→ DATA BLOCK
::::
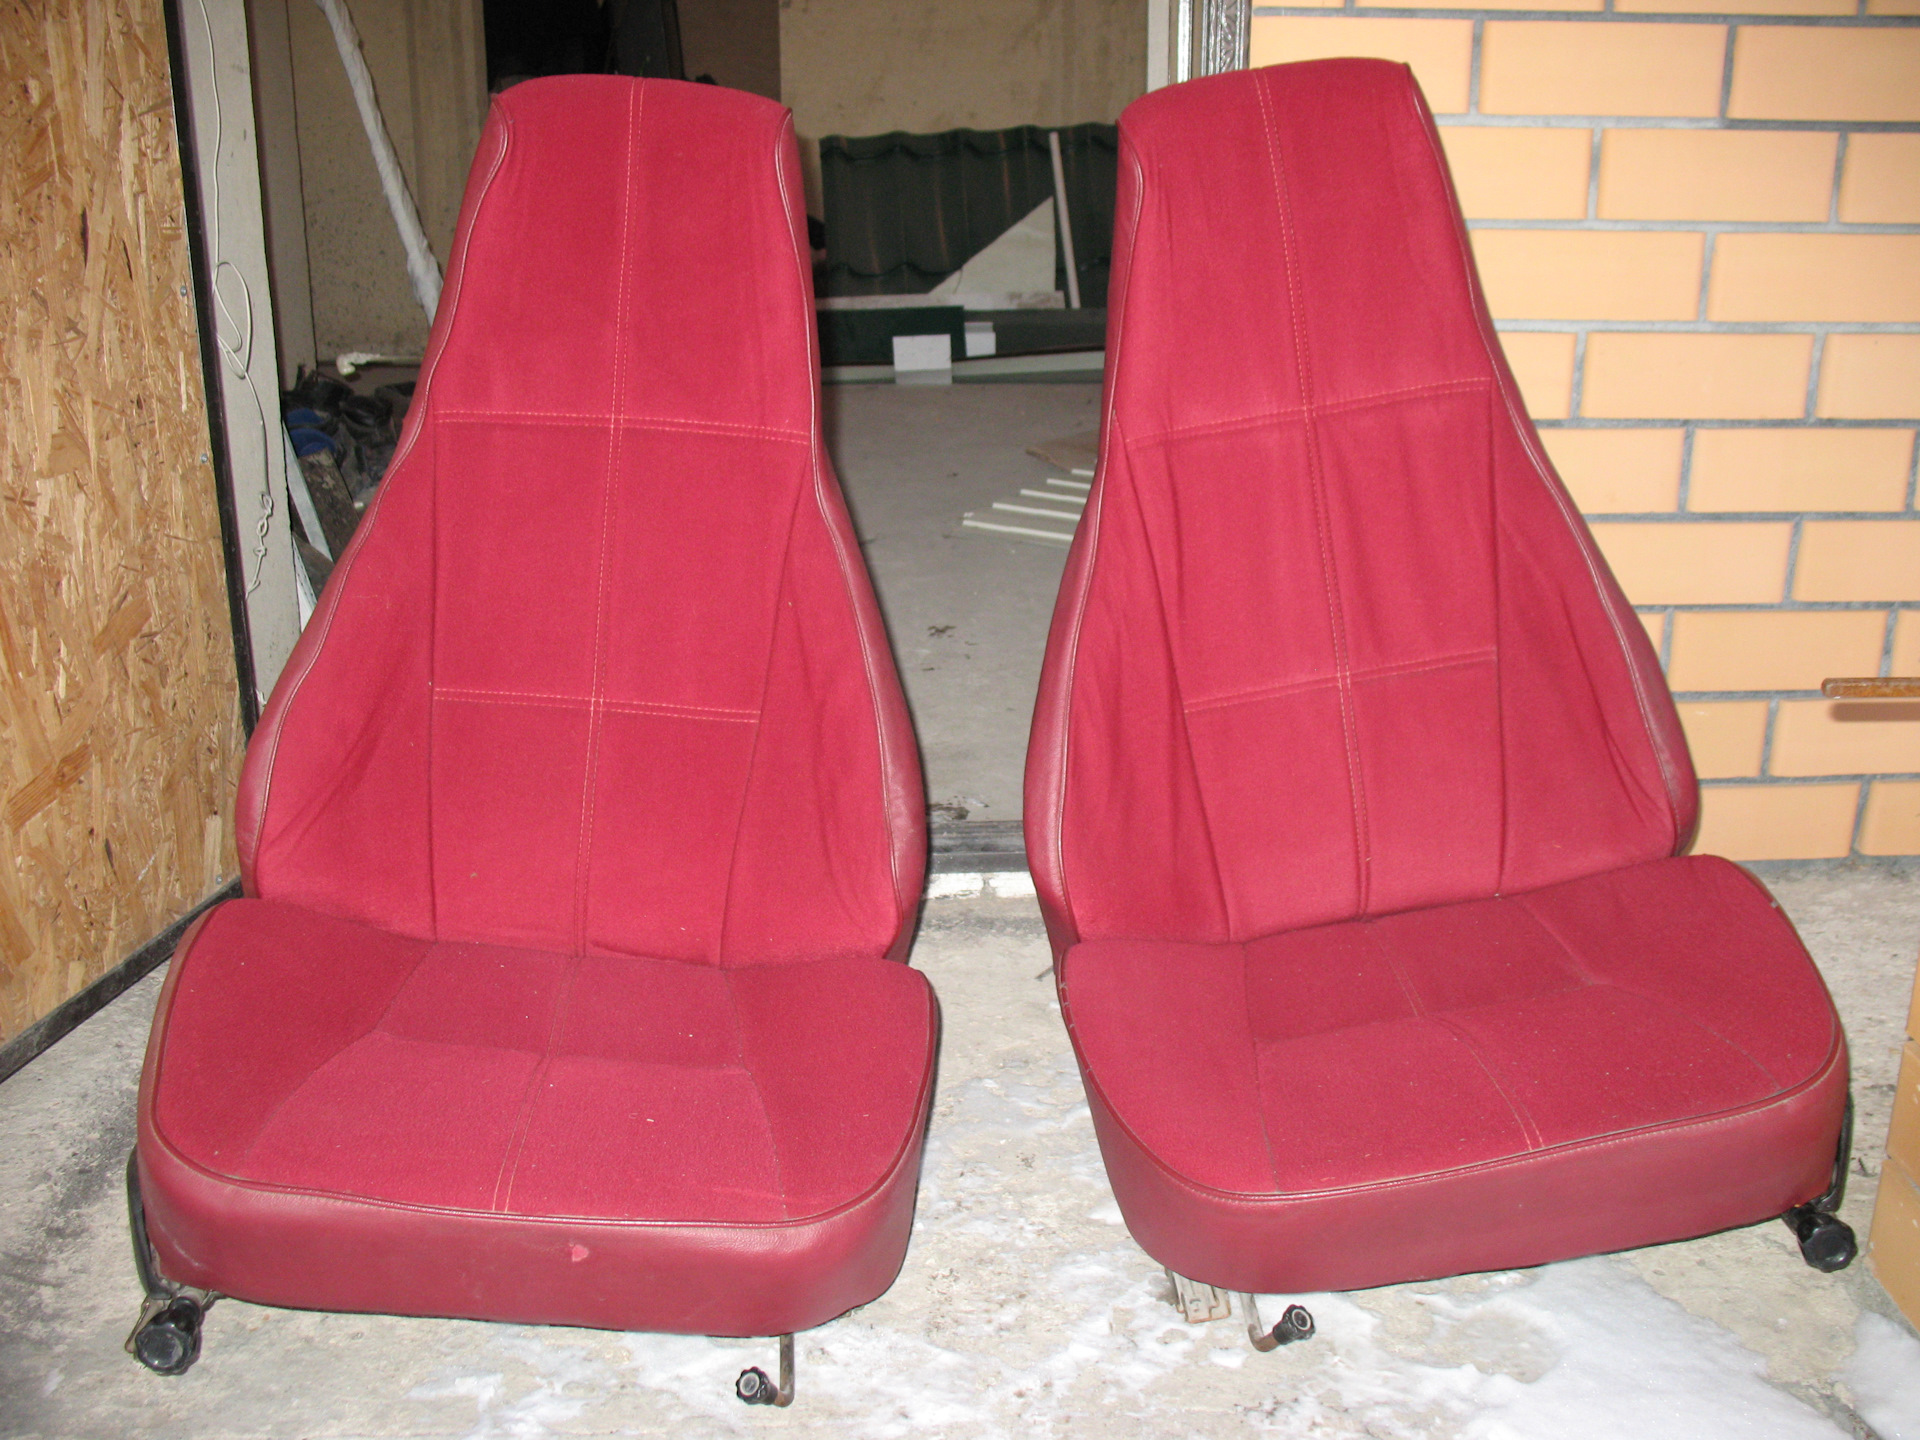 Купить передние сиденья на ваз 2107. Сиденья ВАЗ 2107. Комплект сидений на ВАЗ 2107. Новое сидение на ВАЗ 2107. Кресла передние ВАЗ 2107 П.
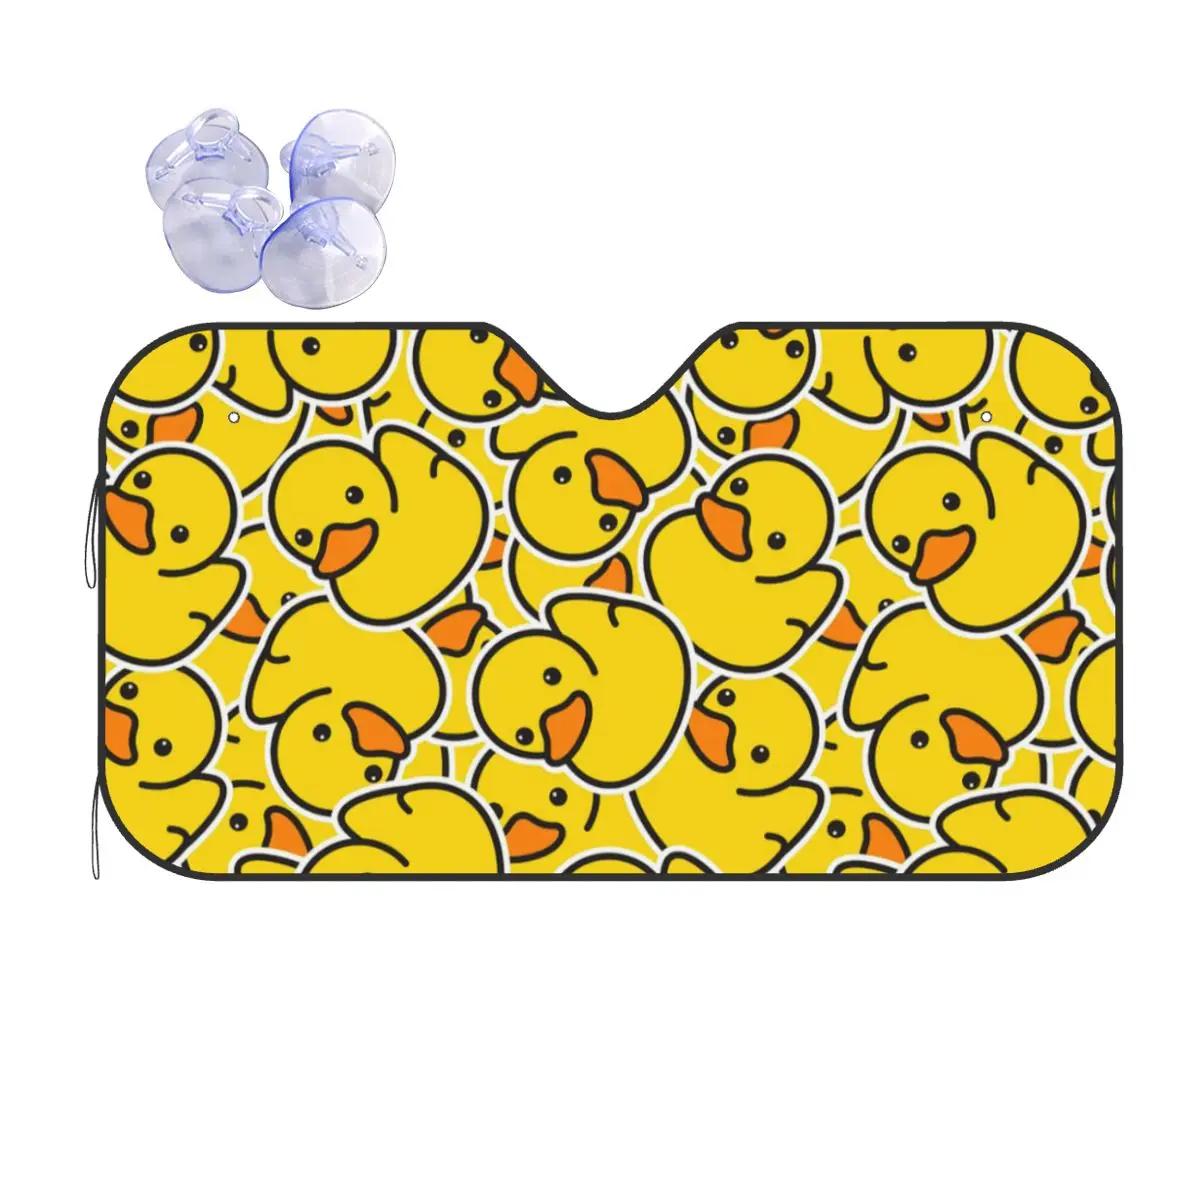 Yellow Duck Fashion Windshield Sunshade 70x130cm Cute Foils Sunshade Visor Car-styling
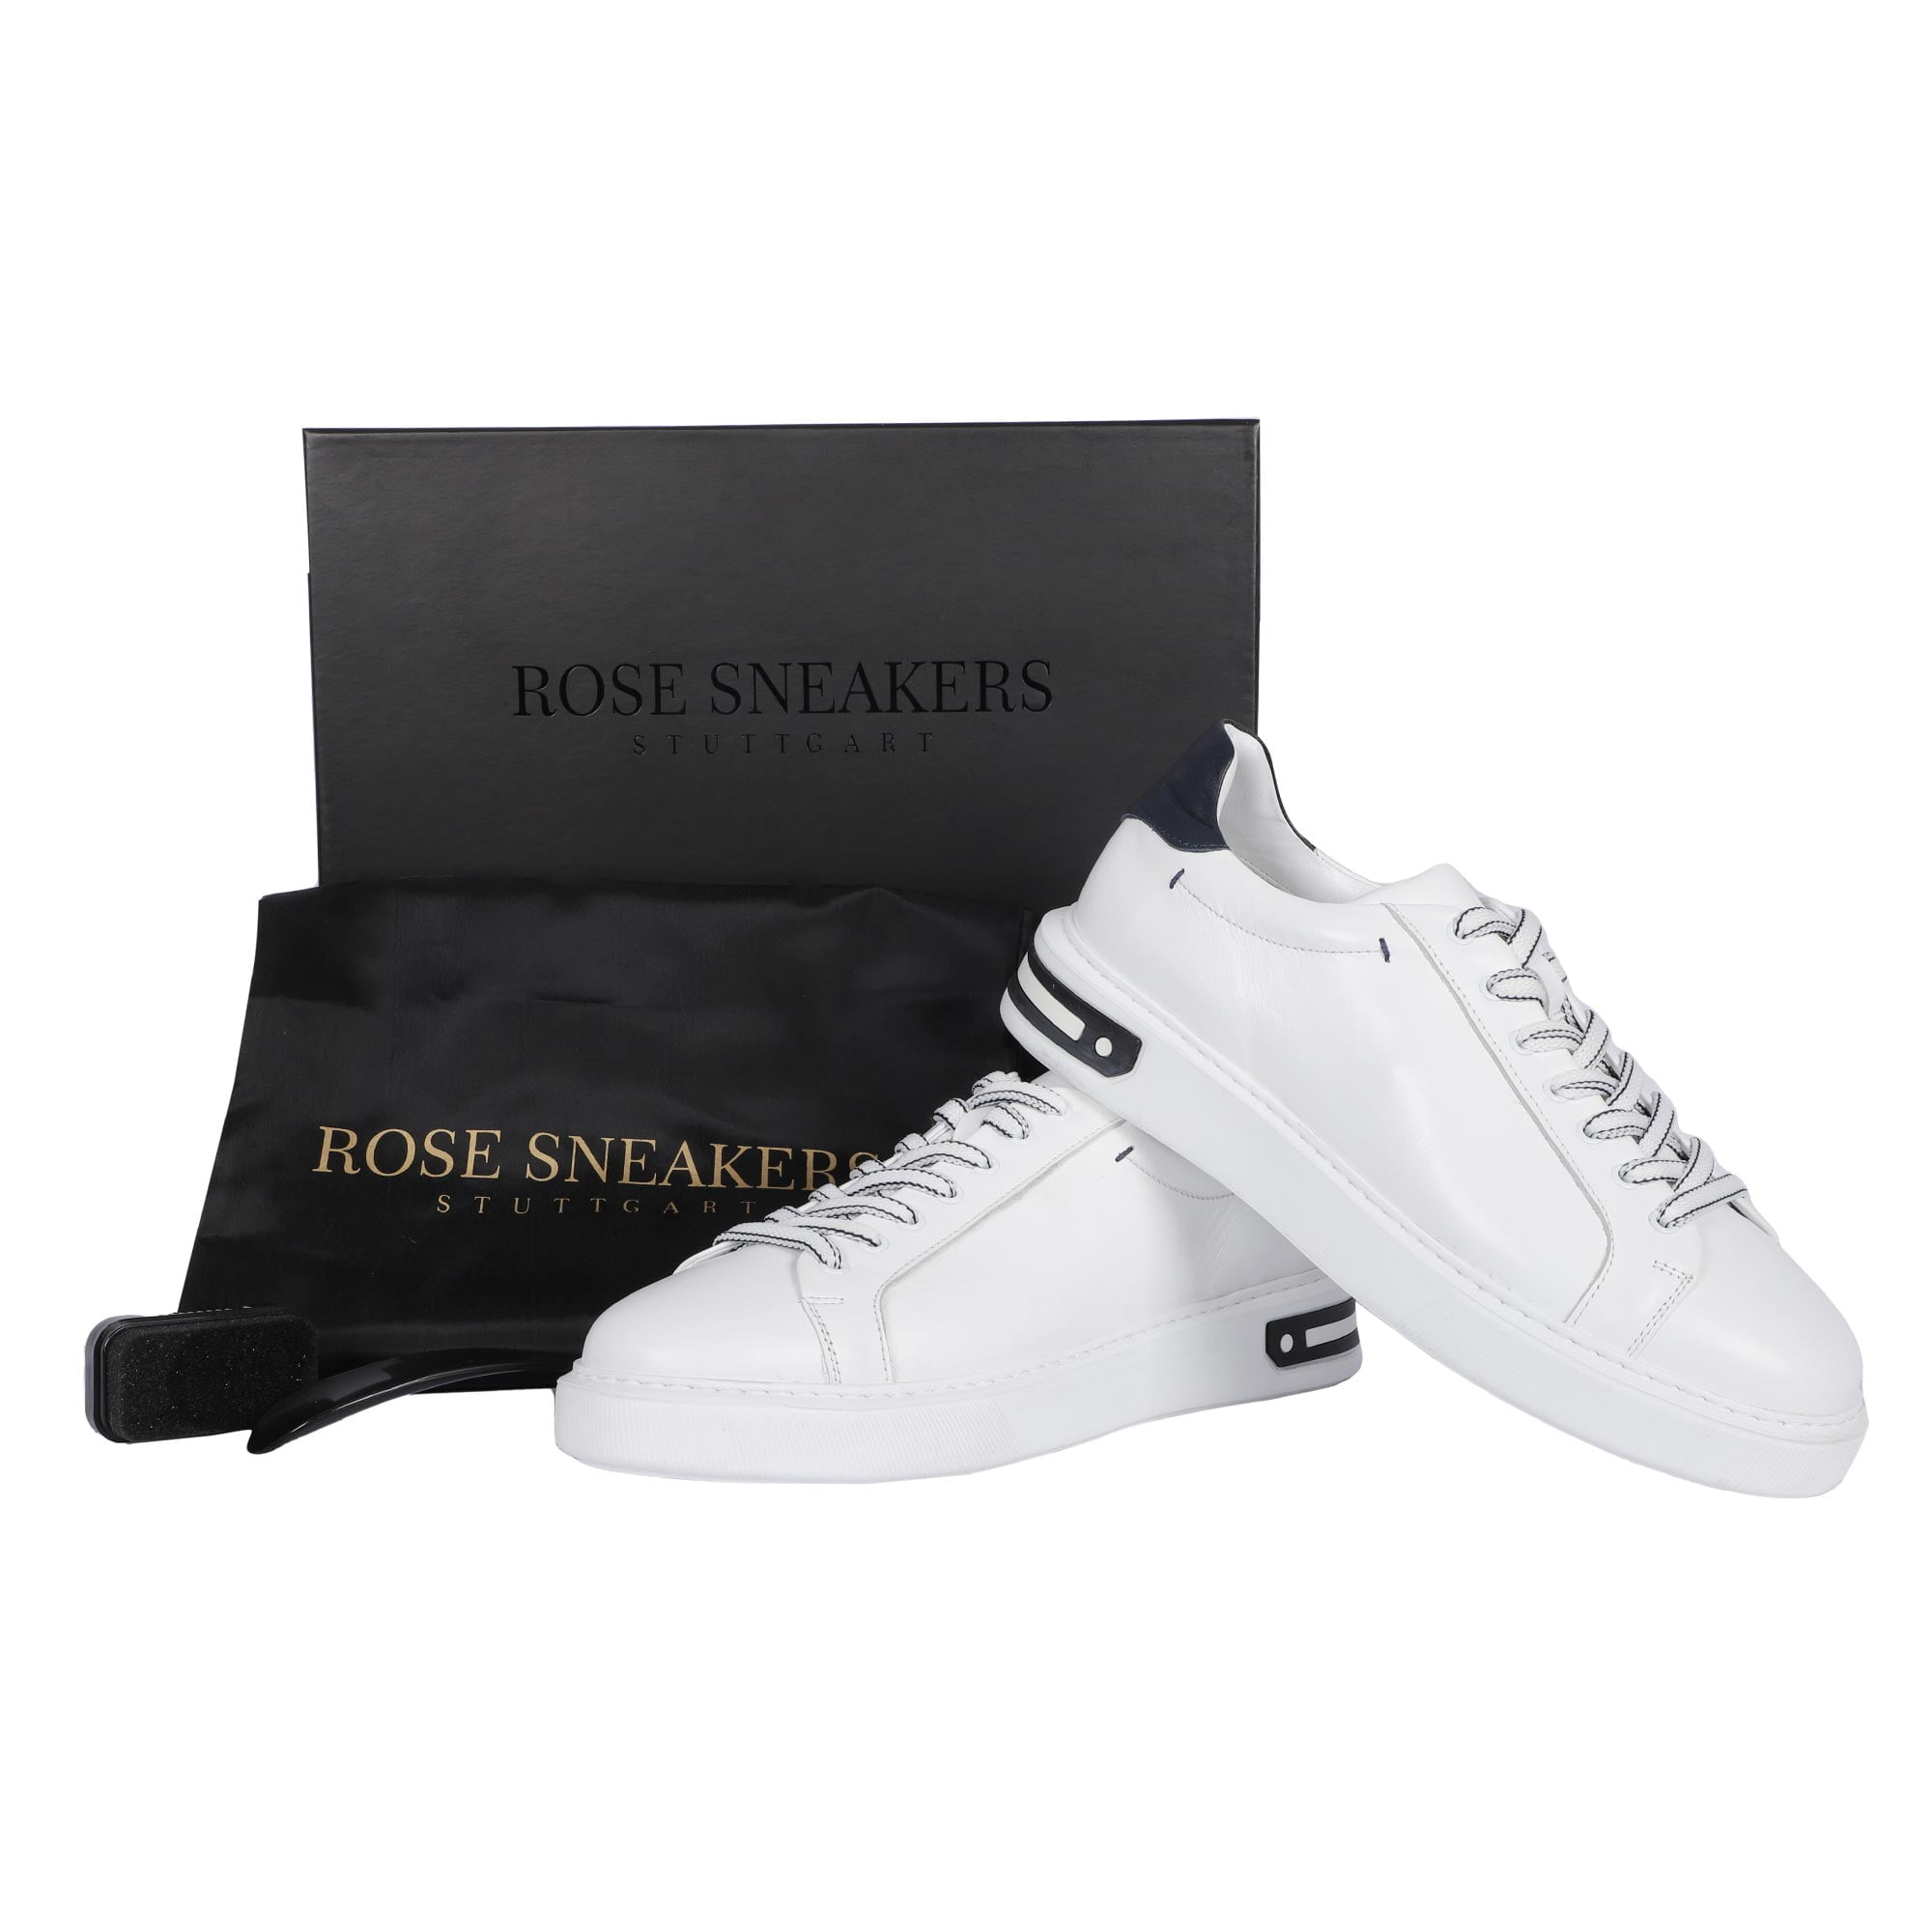 Rose-Sneakers-Schuhprodukt-Fotografie4
::::
From the material above, reproduce everything verbatim except the pictures.

→ RESULT
 Купить передние сиденья на ваз 2107. Сиденья ВАЗ 2107. Комплект сидений на ВАЗ 2107. Новое сидение на ВАЗ 2107. Кресла передние ВАЗ 2107 П.
 Yellow Duck Fashion Windshield Sunshade 70x130cm Cute Foils Sunshade Visor Car-styling
 Rose-Sneakers-Schuhprodukt-Fotografie4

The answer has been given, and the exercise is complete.